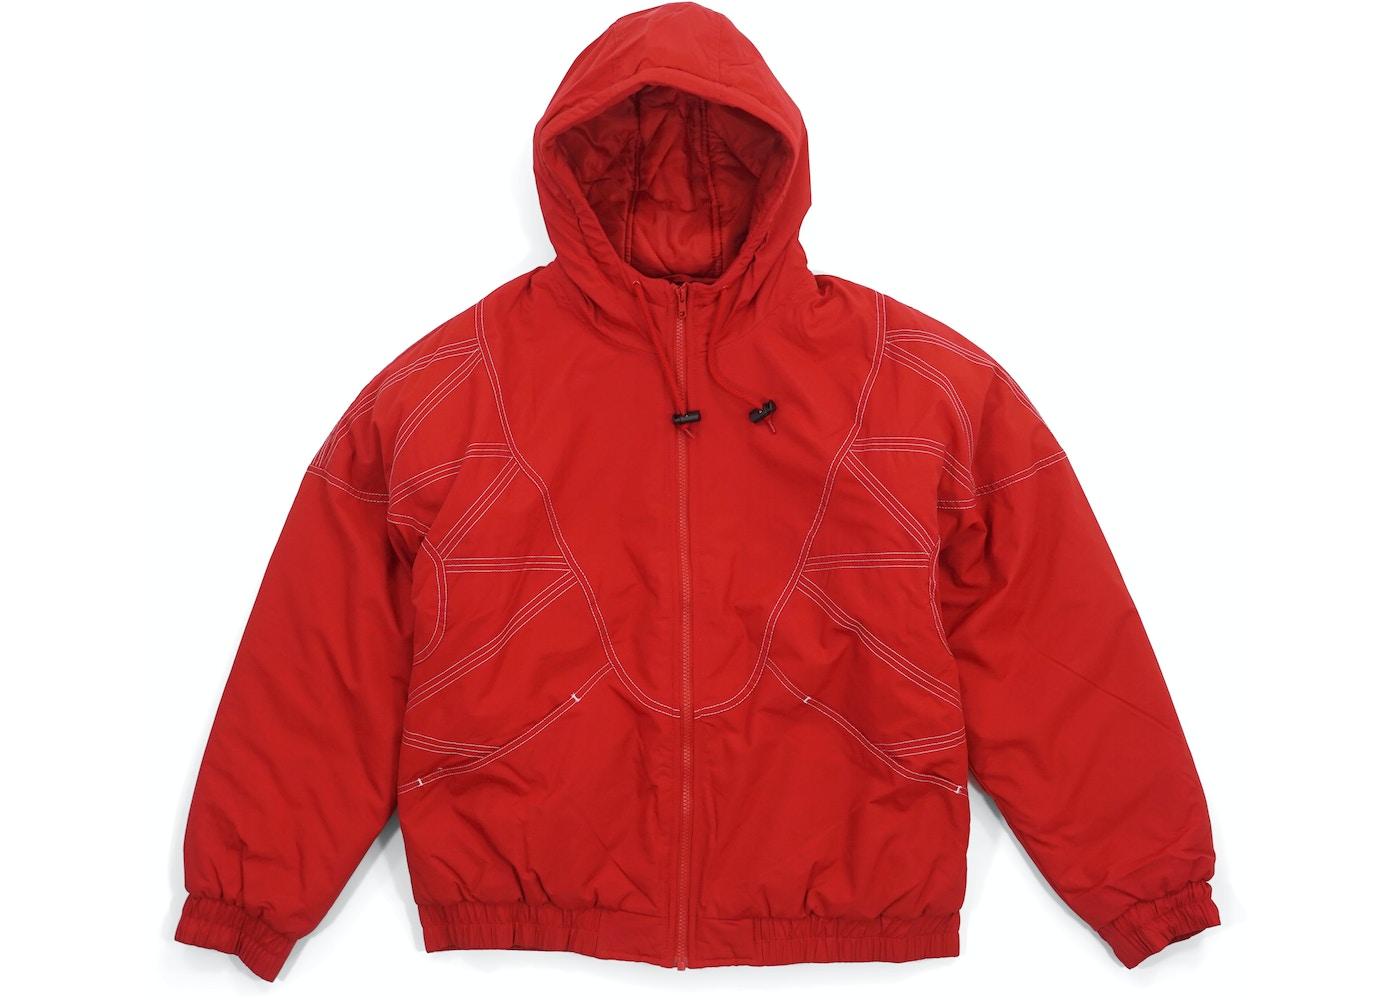 f5a51eb2 Supreme Zig Zag Stitch Puffy Jacket Red - FW18
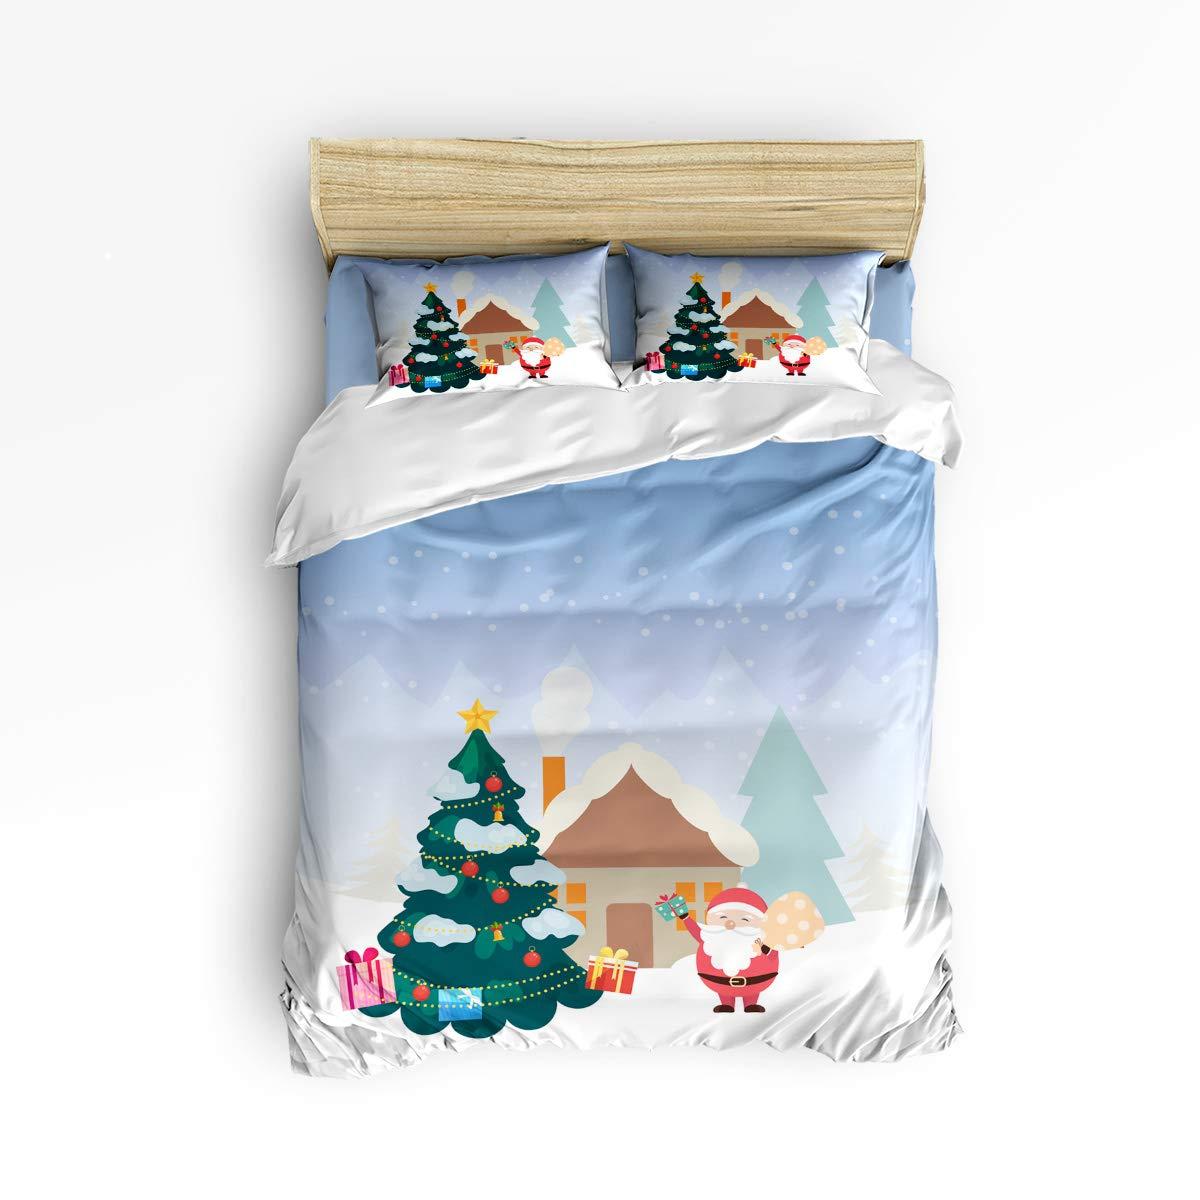 Valenake 高級掛け布団カバー4点セット メリークリスマステーマ寝具セット 隠しファスナー付き 超ソフト 耐久性 耐退色性 掛け布団なし クイーン VA20181130LTTSJTDCSSWTQ01570SJTCVAE B07KZW6B1X Santa Claus Christmas Treevae1790 クイーン
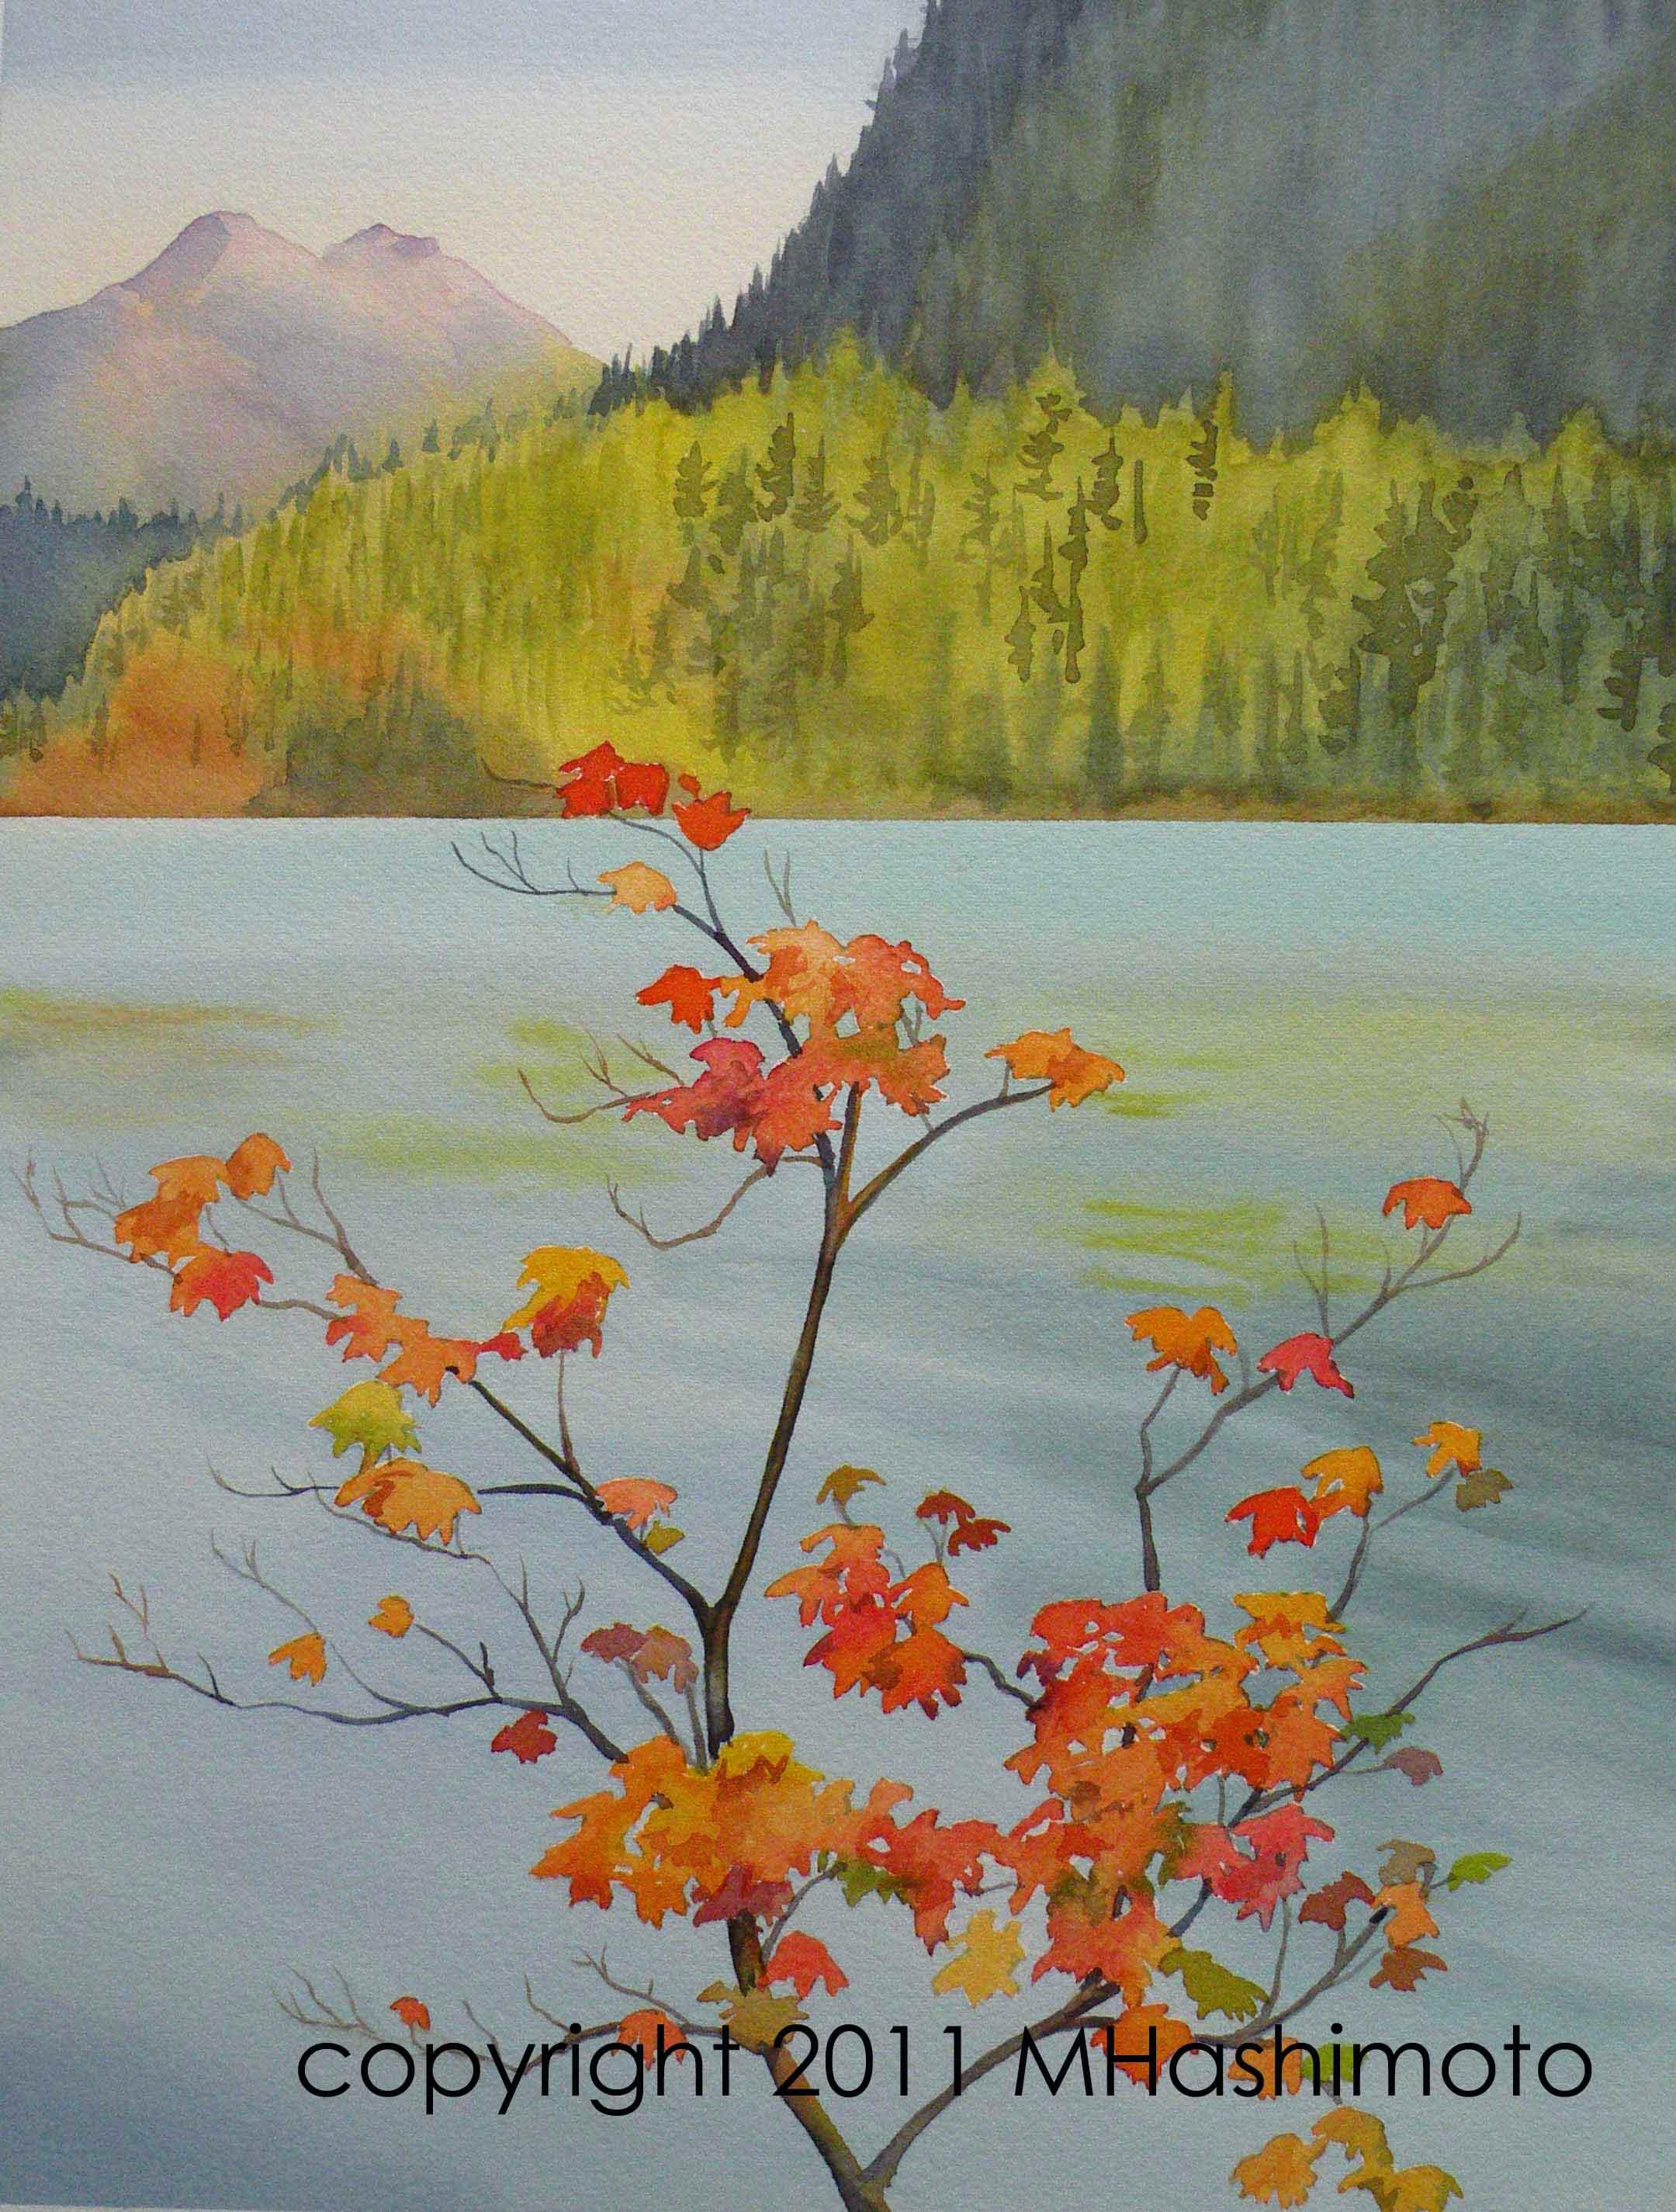 Vine Maple, Diablo Lake - Giclee Print $75

——————

• [Exercise requirements]: Output all of the listing above, exactly as given, but without its pictures.

• [Finished exercise]:
 f5a51eb2 Supreme Zig Zag Stitch Puffy Jacket Red - FW18
 Valenake 高級掛け布団カバー4点セット メリークリスマステーマ寝具セット 隠しファスナー付き 超ソフト 耐久性 耐退色性 掛け布団なし クイーン VA20181130LTTSJTDCSSWTQ01570SJTCVAE B07KZW6B1X Santa Claus Christmas Treevae1790 クイーン
 Vine Maple, Diablo Lake - Giclee Print $75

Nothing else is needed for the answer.